Таким образом, теперь моя главная задача – сблизиться с Мордоворотом. Нужно привыкать называть его Петром Евгеньевичем, а то как бы не сболтнуть ненароком. Вся сущность бунтует против подобных методов, но разум, подстегиваемый жаждой жизни, сильнее.
Знать бы еще, как подобраться к Мордовороту.
Банальное верчение задницей и откровенные предложения навряд ли сработают. Не тот типаж. Нужен тонкий подход.
В голове сумбур. Идей много, но все они столь фантастичны, что не воспринимаются иначе, чем досужие мечтания.
Грохот дверей и резкие команды карлика вырывают из задумчивости.
Что случилось?
Отложив книгу, приближаюсь к решетке.
Держась за руку, нащупывая дорогу ногами, за карликом плетутся два парня с повязками на глазах. Избитые, дрожащие, они являют собой жалкое зрелище. Столь же жалкое, как и все мы.
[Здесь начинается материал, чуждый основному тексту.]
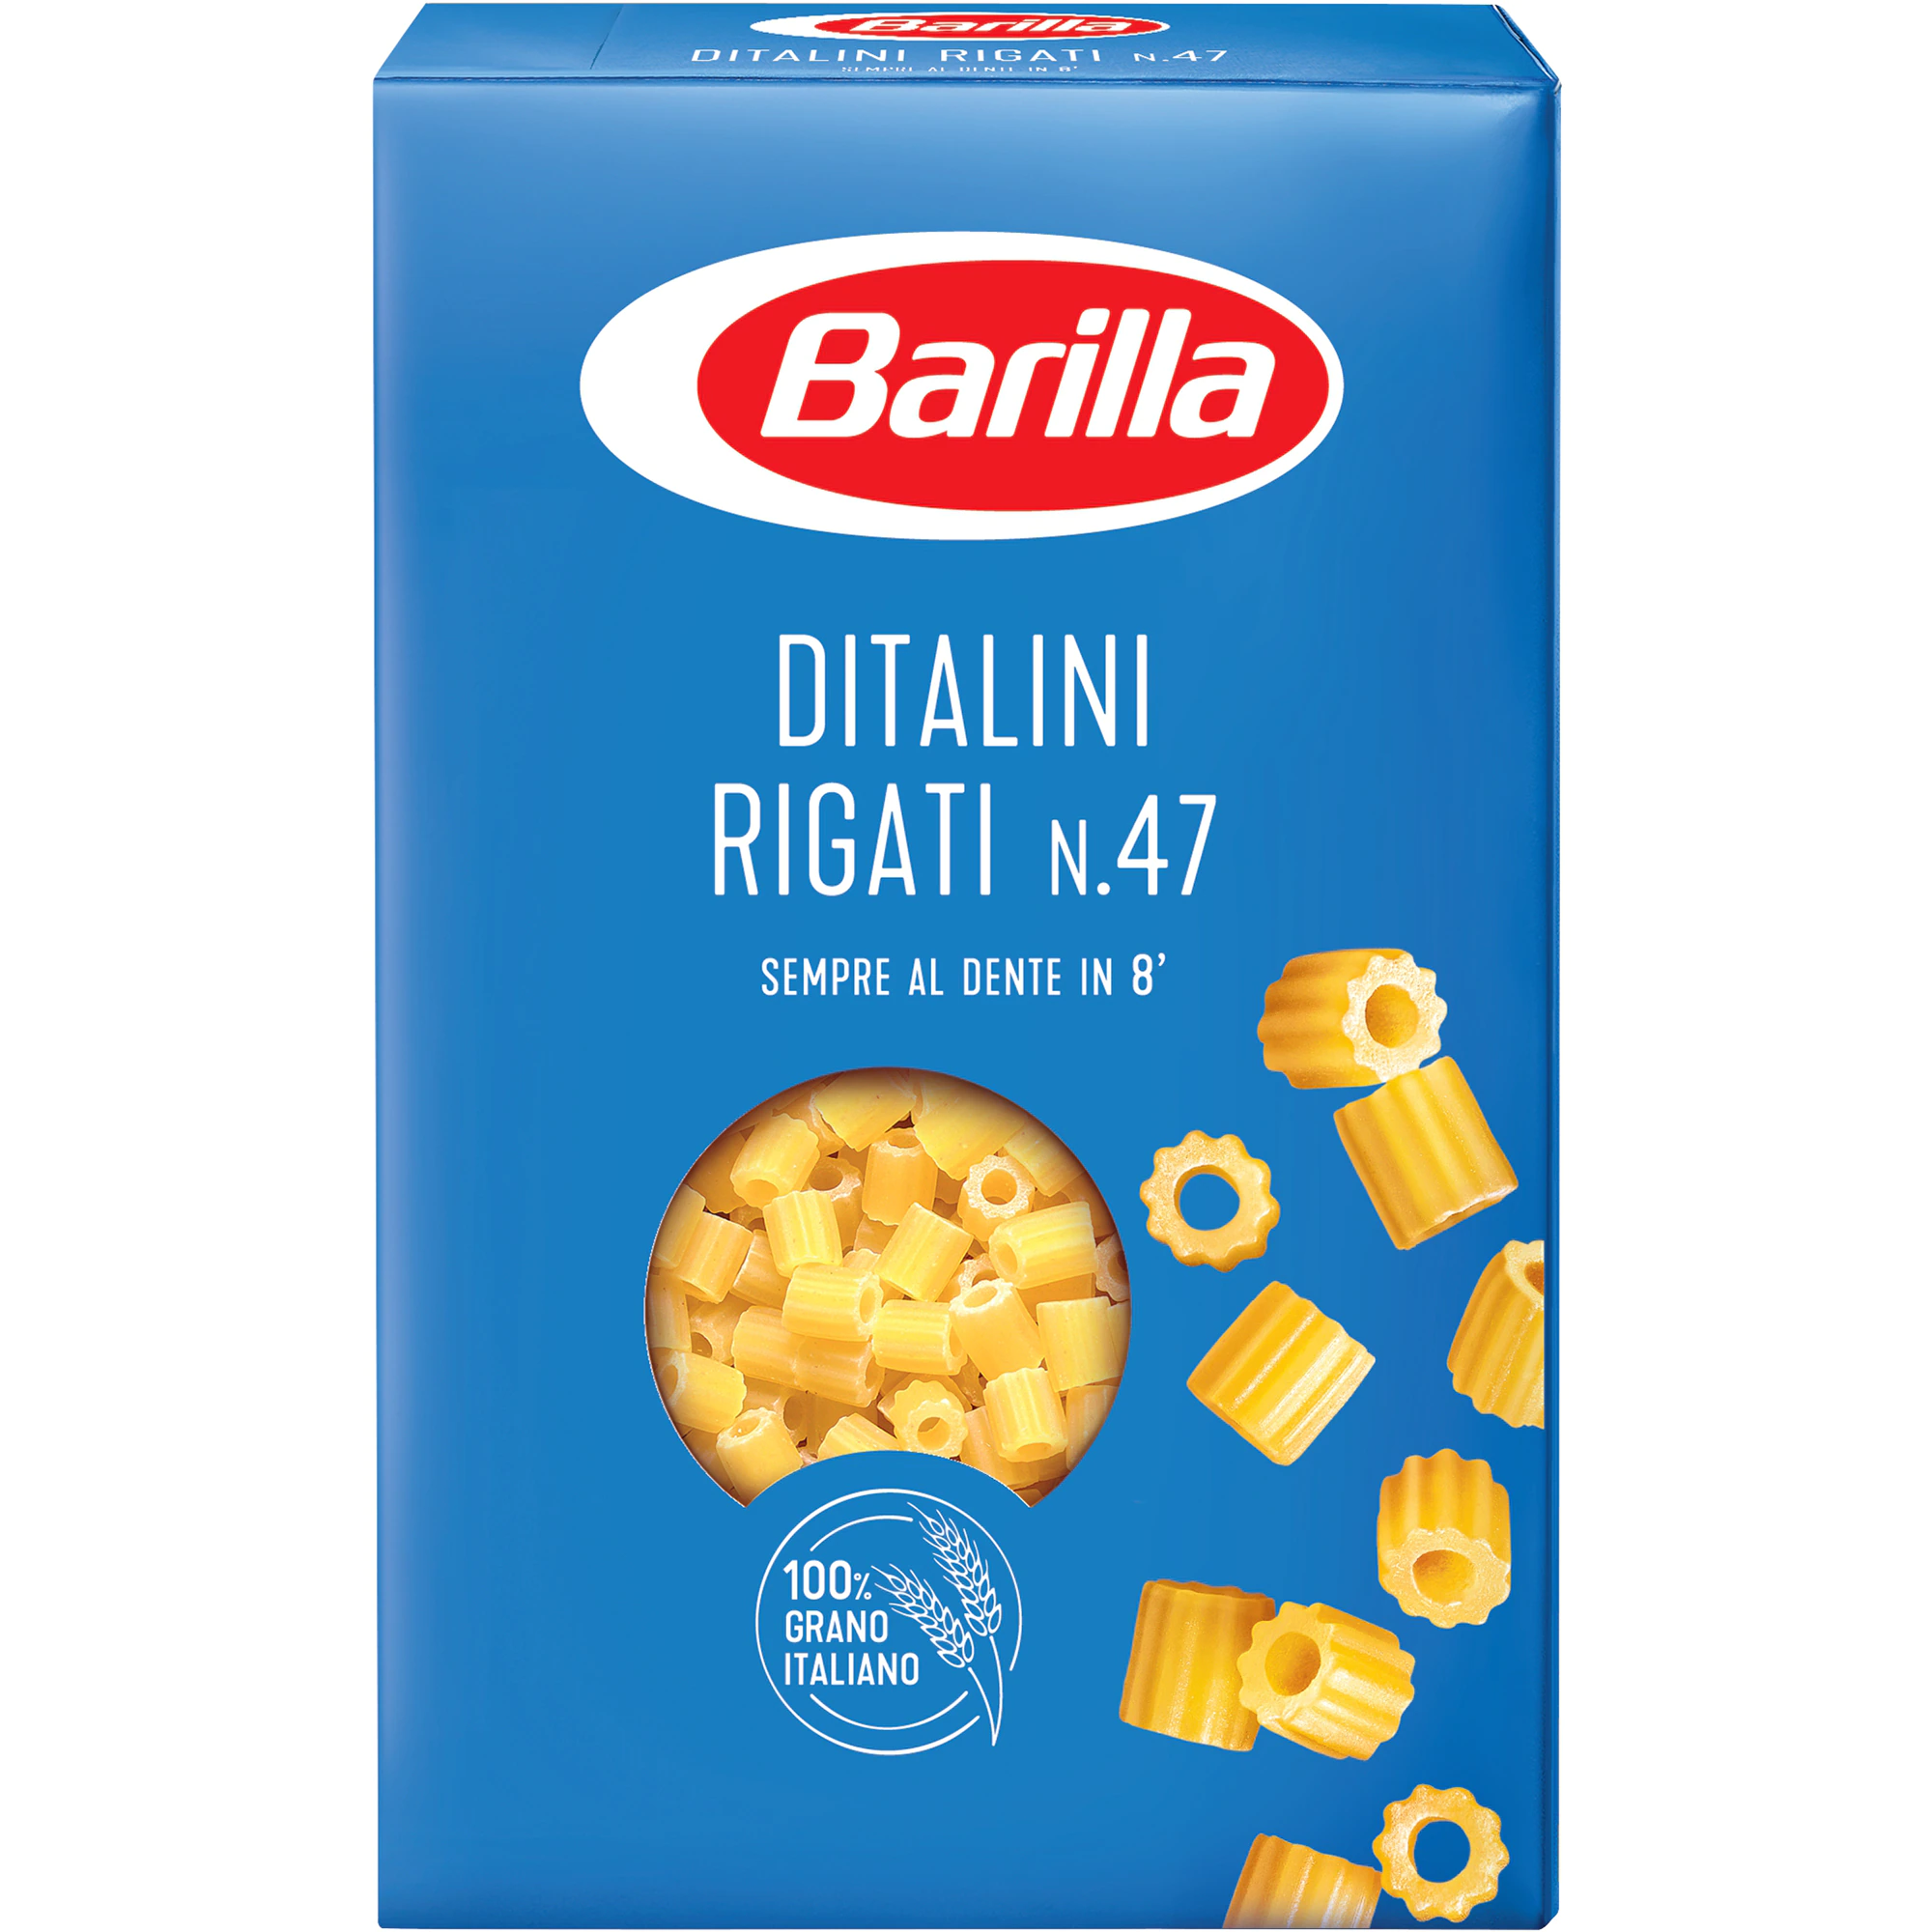 Pasta Barilla Ditalini Rigati n.47

– Стоять, – веса своему распоряжению Господин Кнут додает плетью. Наверное, по-другому он уже не может.
Юноши замирают.
Карлик снимает повязки и отступает в сторону. Мордоворот привычно дежурит у стены. Поза расслабленная, но глаза фиксируют все. А мышцы готовы в один миг взорваться резким рывком и нажатием на курок.
Несмотря на одинаковые халаты, в парнях чувствуется некое отличие. Белобрысого я вообще сперва за девчонку приняла. Знаете, есть такой тип – пацанки. Курят, матом разговаривают и на похлопывание мужчины по ягодицам реагируют не возмущением или пощечиной и не кокетливым хихиканьем, а недоуменным взглядом. Серьга в ухе и колечко в губе мужественности облику тоже не прибавляют. Но распахнувшийся халат отмел все сомнения. Юноша.
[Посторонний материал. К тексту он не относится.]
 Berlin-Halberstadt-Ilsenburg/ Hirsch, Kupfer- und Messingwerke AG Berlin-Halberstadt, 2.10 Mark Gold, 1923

Оба парня худощавые, невысокого роста, с правильными чертами лица. Но в отличие от белобрысого темноволосый не щеголяет украшениями, лишь очками в тонкой оправе несколько замысловатого дизайна.
«Студенты», – решила я.
Внесли Великую Екатерину.
– Какое многообещающее пополнение, – заявляет она, перетекая в сидячее положение.
Из соседней камеры доносится скрежет зубов. Максим. После того как я Федю… короче, после того как эта камера опустела, туда перевели появившегося на оргии Боксера. Где он был раньше – не знаю. Но слова Старухи о том, что он заслужил награду, дают повод нехорошим мыслям.
Вернувшись на койку, засовываю руку в карман.
Что-то липнет к пальцам.
«Крысиная отрава», – мелькает в мозгу.
Нужно срочно убрать ее. Спрятать.
Найти пакет в камере не удастся, а вот свернуть его из бумаги…
Озираюсь по сторонам.
Если вырву лист из книги, могут заметить.
О, это подойдет.
Приблизившись к накрытому крышкой отхожему ведру, беру рулон туалетной бумаги. Оторвав кусок, пытаюсь соорудить кулек, наподобие тех, в которых бабки на вокзале семечки продают. Бумага не слушается, расползается в пальцах. Приходится оторвать еще кусок и повторить процедуру, сложив полоску вдвое.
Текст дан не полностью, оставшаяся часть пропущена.